What started out as a great year for many cannabis stocks has deteriorated into a miserable one. That's especially true for CannTrust Holdings (NYSE:CTST), Canopy Growth (NYSE:CGC), and Tilray (NASDAQ:TLRY). All three stocks were up big earlier this year but have lost all of their initial gains and then some.
Are these beaten-down pot stocks now bad news buys? Or are they simply bad news?
From bad to worst
Canopy Growth ranks as the least bad of these three stocks. But Canopy has still experienced a rough few months after shooting up more than 90% by late April. The stock is now down 6% year to date.
The company's problems started with disappointing fiscal 2019 fourth-quarter results. Canopy's big partner, Constellation Brands, publicly expressed its displeasure with those results. It didn't take long for Canopy Growth founder and co-CEO Bruce Linton to be shown the door. Canopy Growth followed up with even worse results in its fiscal 2020 first quarter.
Tilray enjoyed a couple of good weeks to start off 2019, with the stock rising 42% by mid-January. Things quickly went south, however. The pot stock is now down a whopping 60% so far this year.
What happened? The company's initial public offering (IPO) lockup period expired, with some insiders selling shares.
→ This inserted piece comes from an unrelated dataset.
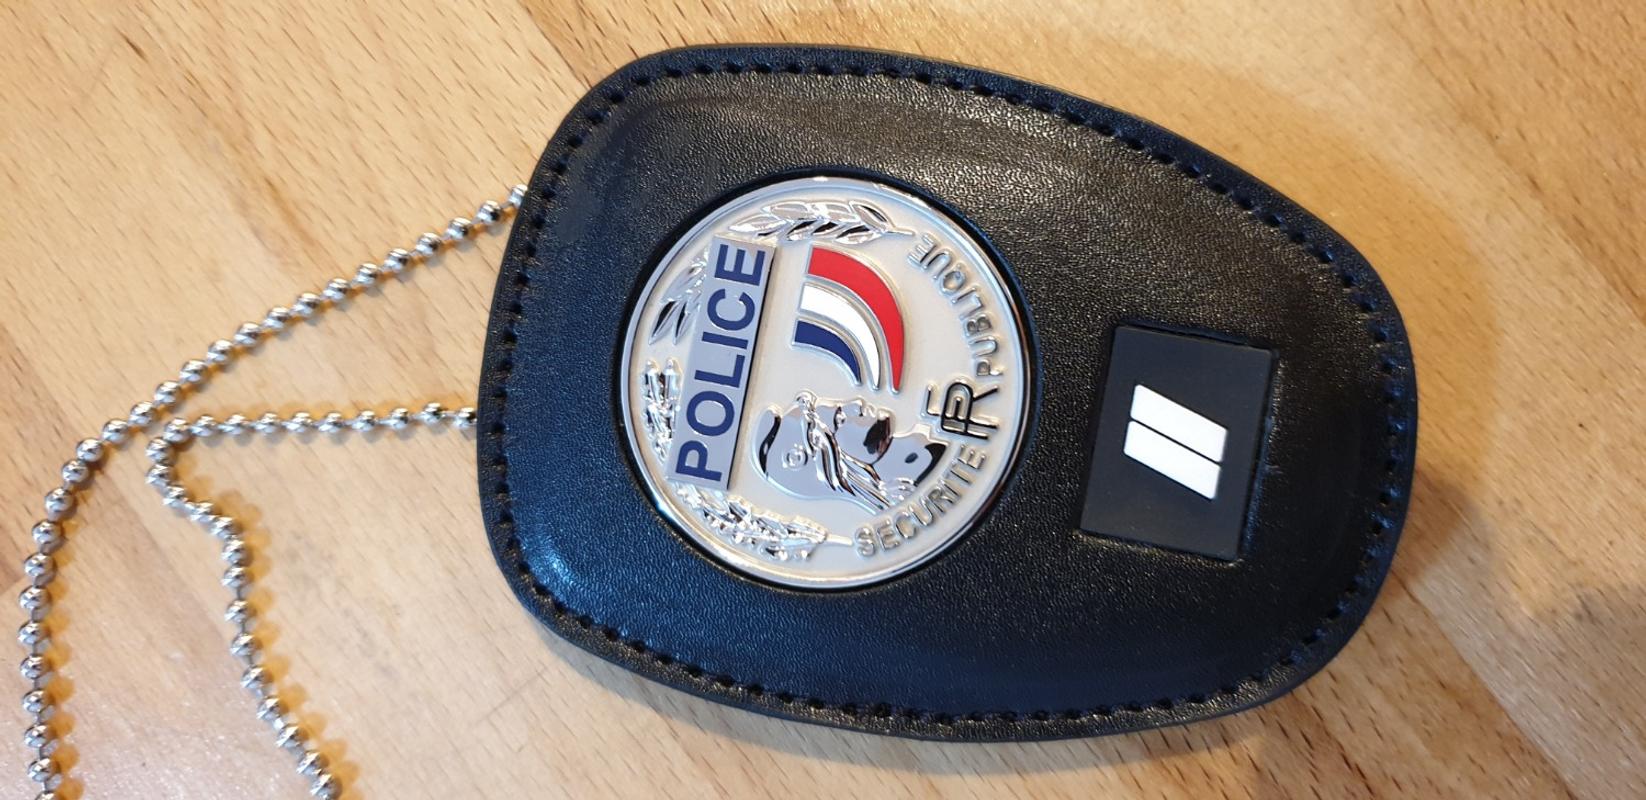 Porte-carte mini cuir 2 volets Format carte de crédit + Support Médaille et  Grade Police GK Pro
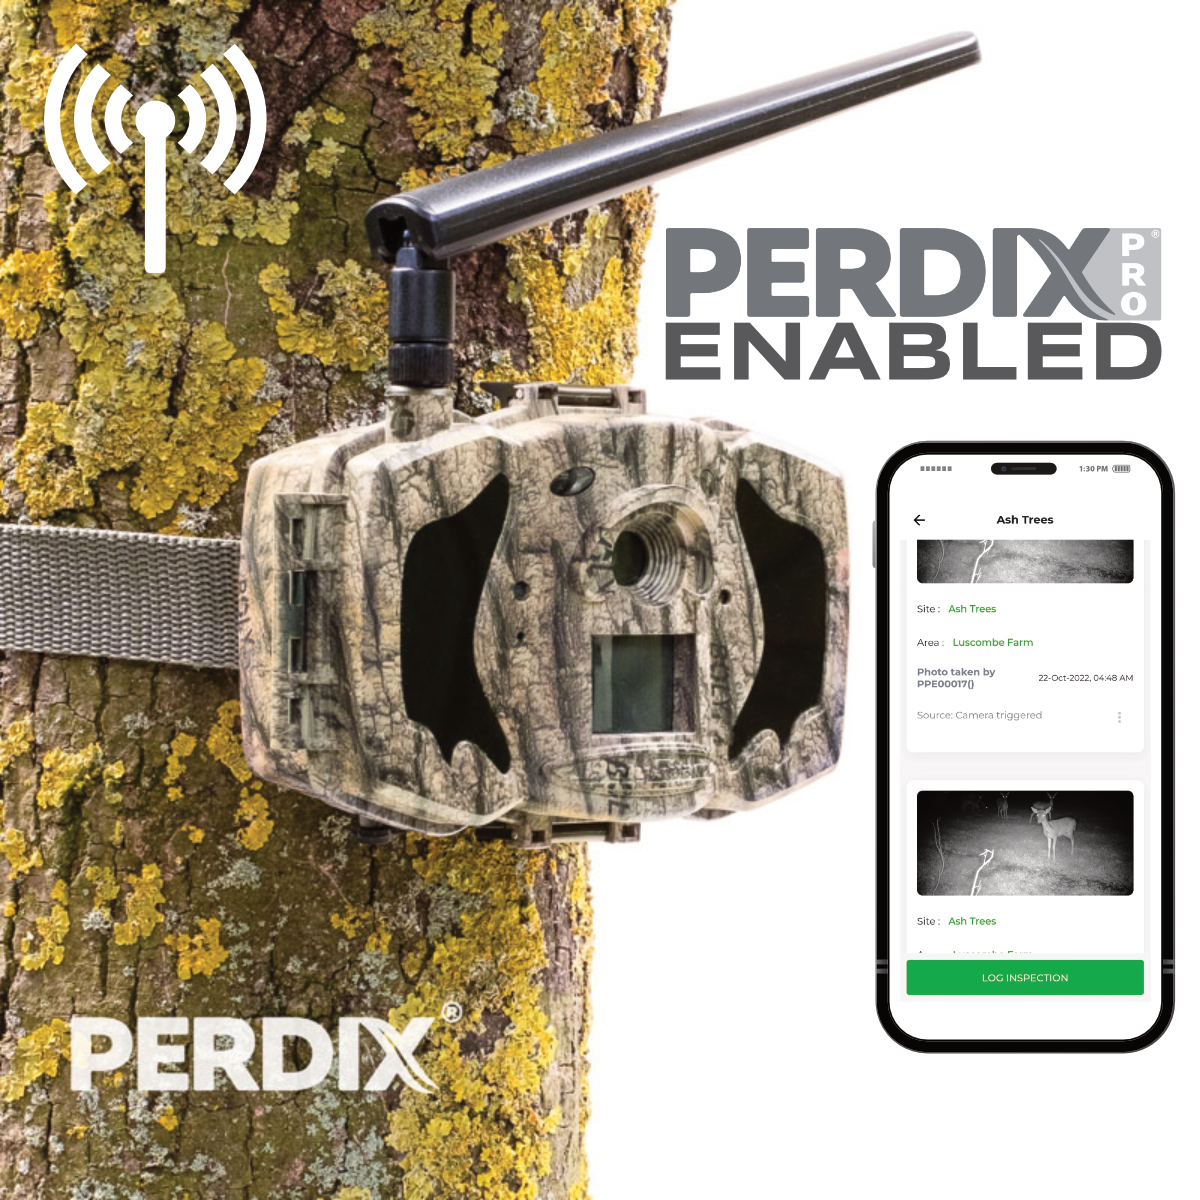 PerdixPro Enabled Cameras

Tilray took on a boatload of debt to acquire hemp foods maker Manitoba Harvest. Some Wall Street analysts didn't like the company's strategy. Tilray also reported Q2 results that Vertical Group analyst Gordon Johnson called "an unmitigated disaster." Johnson predicted that the stock would lose more than 85% of its value within the next 12 months.
CannTrust had the worst news of all. The stock more than doubled in the first quarter. But CannTrust's shares crashed after the company reported disappointing Q4 results in late March. CannTrust followed up with a stock offering in May that caused shares to fall even more.
By July, the company was embroiled in a scandal involving the sale of cannabis products from unlicensed grow rooms. CEO Peter Aceto was subsequently fired as a result of the revelations of misconduct. The stock is now down 63% year to date.
Accentuating the positives
Remember the old song that said to "accentuate the positive, eliminate the negative, latch on to the affirmative, and don't mess with Mister In-Between"? Let's try to think positively to the extent that we can.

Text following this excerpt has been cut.